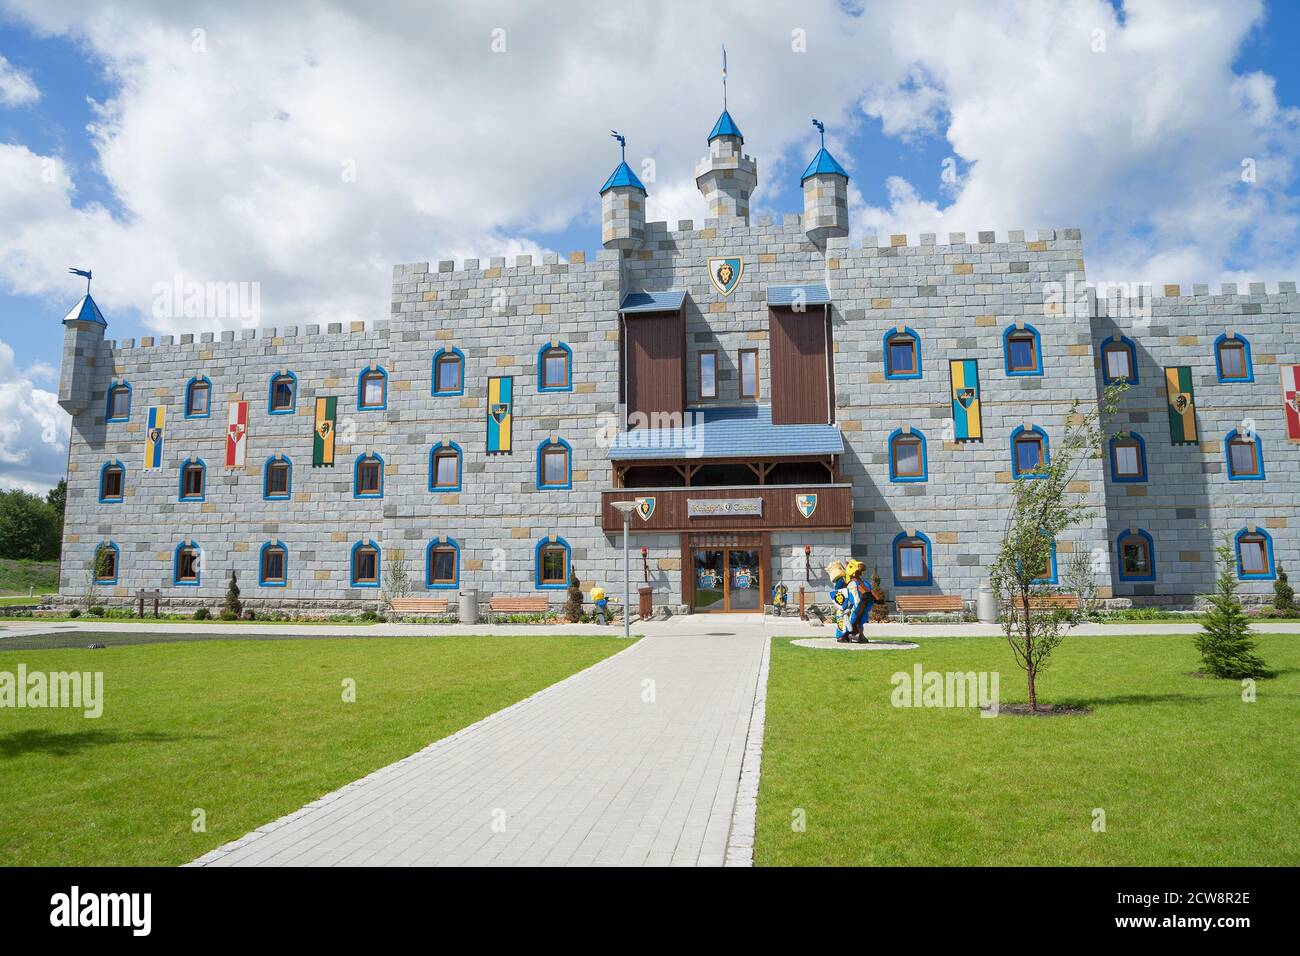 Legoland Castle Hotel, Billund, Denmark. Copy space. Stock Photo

---

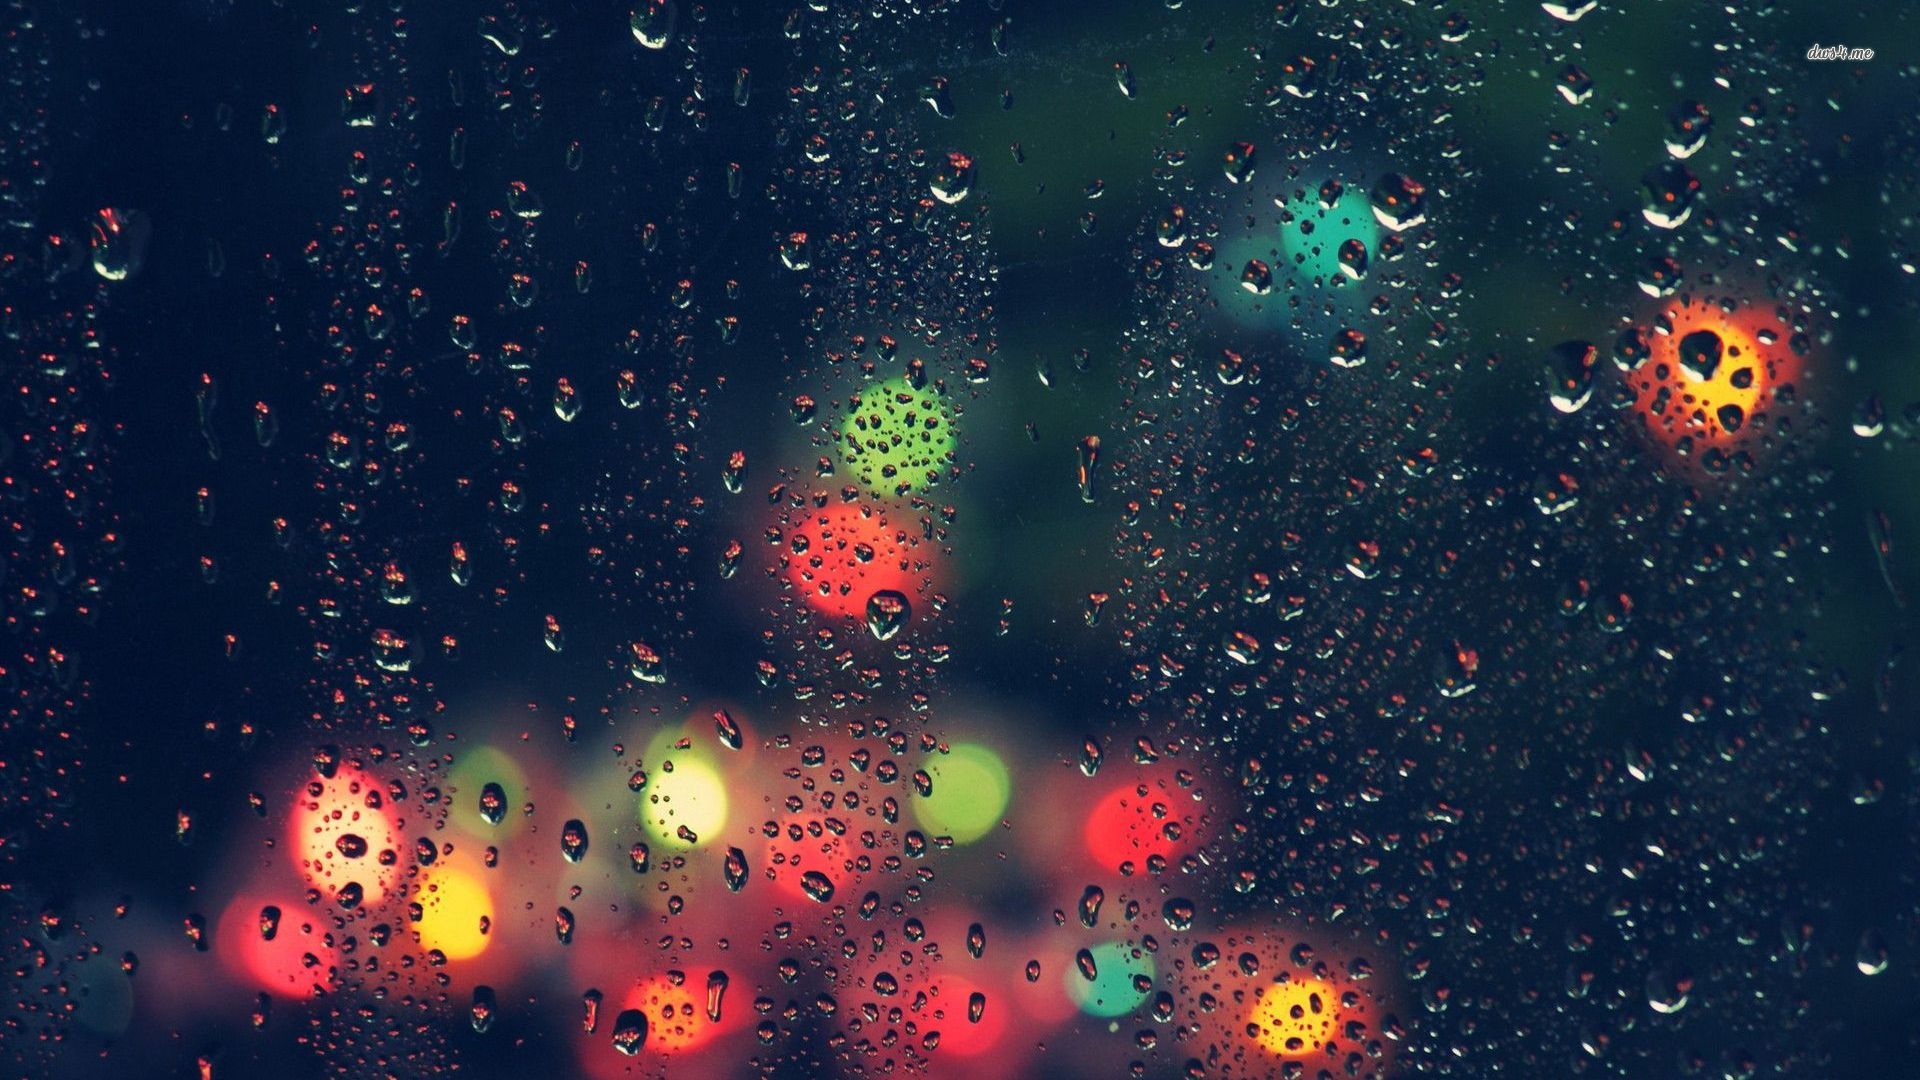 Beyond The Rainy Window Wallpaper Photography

==

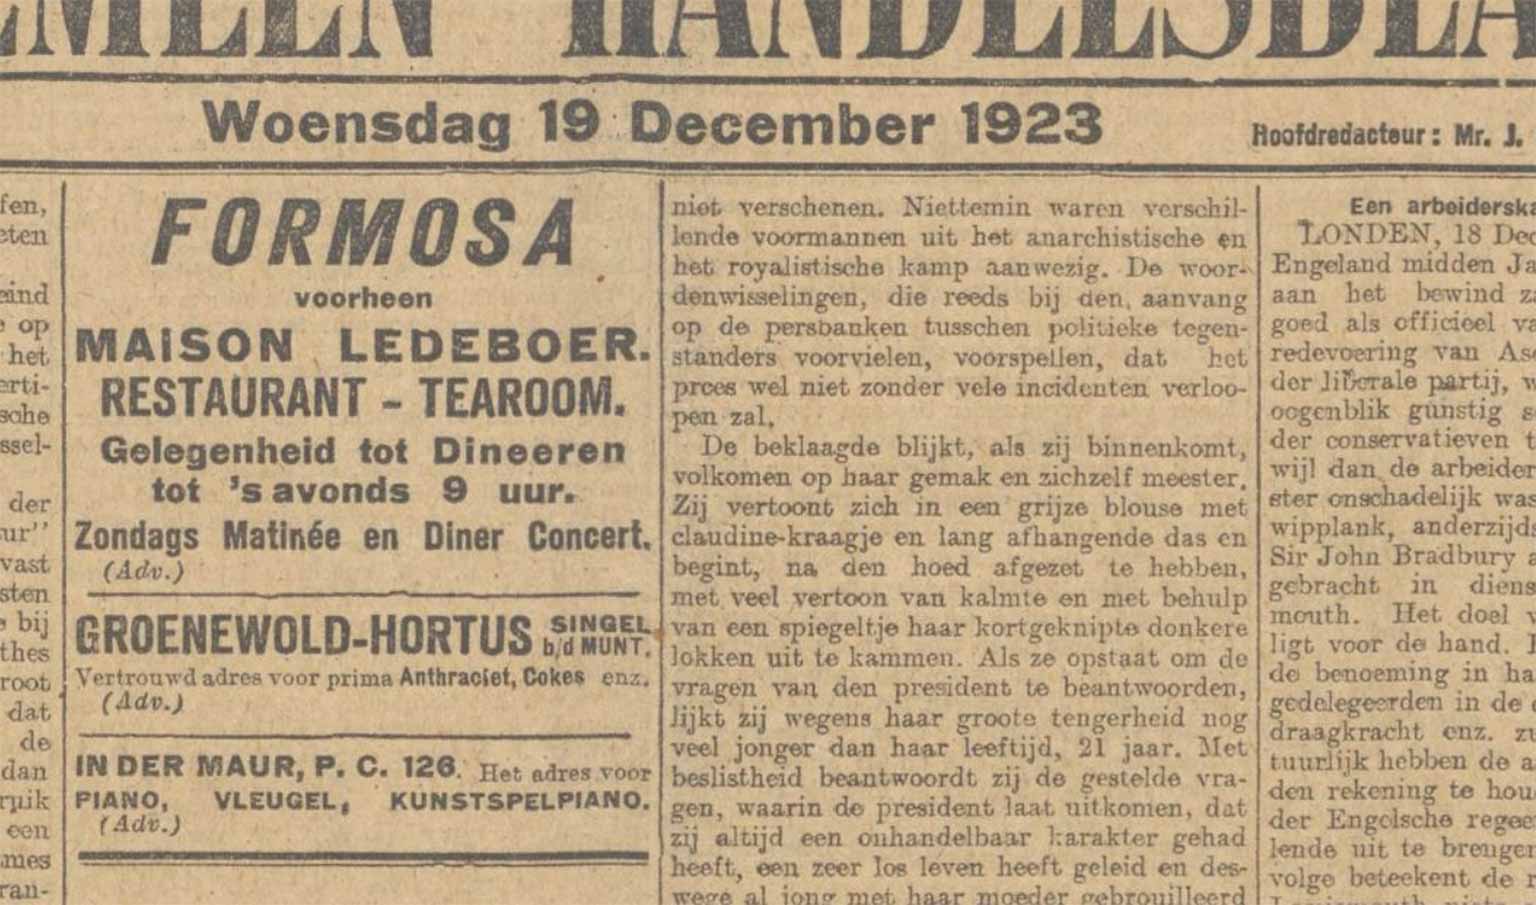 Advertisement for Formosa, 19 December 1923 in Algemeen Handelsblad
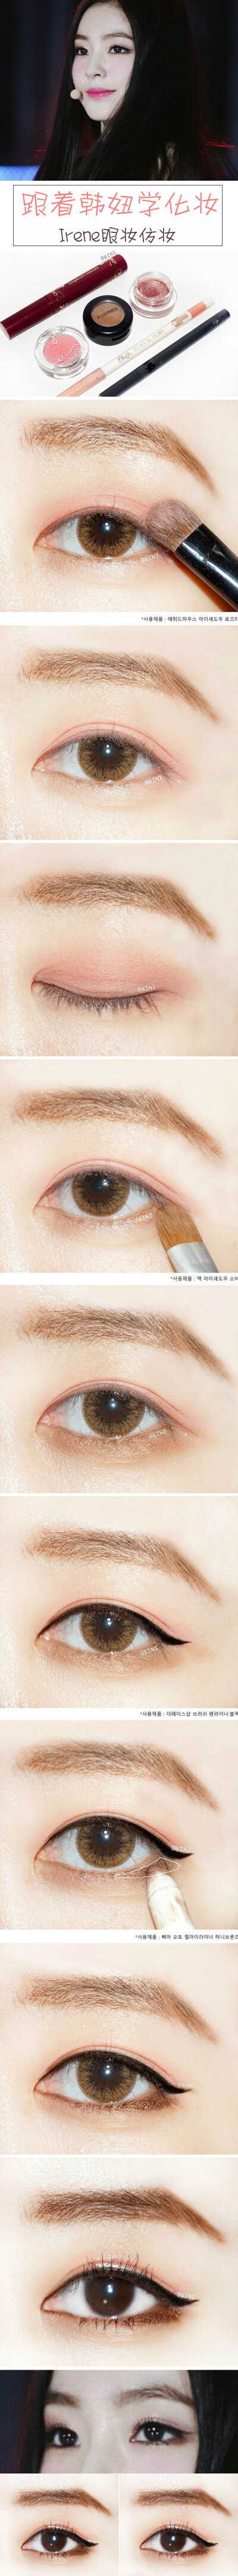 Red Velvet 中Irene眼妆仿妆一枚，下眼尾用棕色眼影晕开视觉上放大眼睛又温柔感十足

EXERCISE GOAL> Above is the material; set down exactly its lines from the one containing "Advertisement for Formosa, 19" down to the one containing "Red Velvet 中Irene眼妆仿妆一枚，下眼尾用棕色眼影晕开视觉上放大眼睛又温柔感十足", both included, leaving out any pictures.

ANSWER BOX>
 Advertisement for Formosa, 19 December 1923 in Algemeen Handelsblad
 Red Velvet 中Irene眼妆仿妆一枚，下眼尾用棕色眼影晕开视觉上放大眼睛又温柔感十足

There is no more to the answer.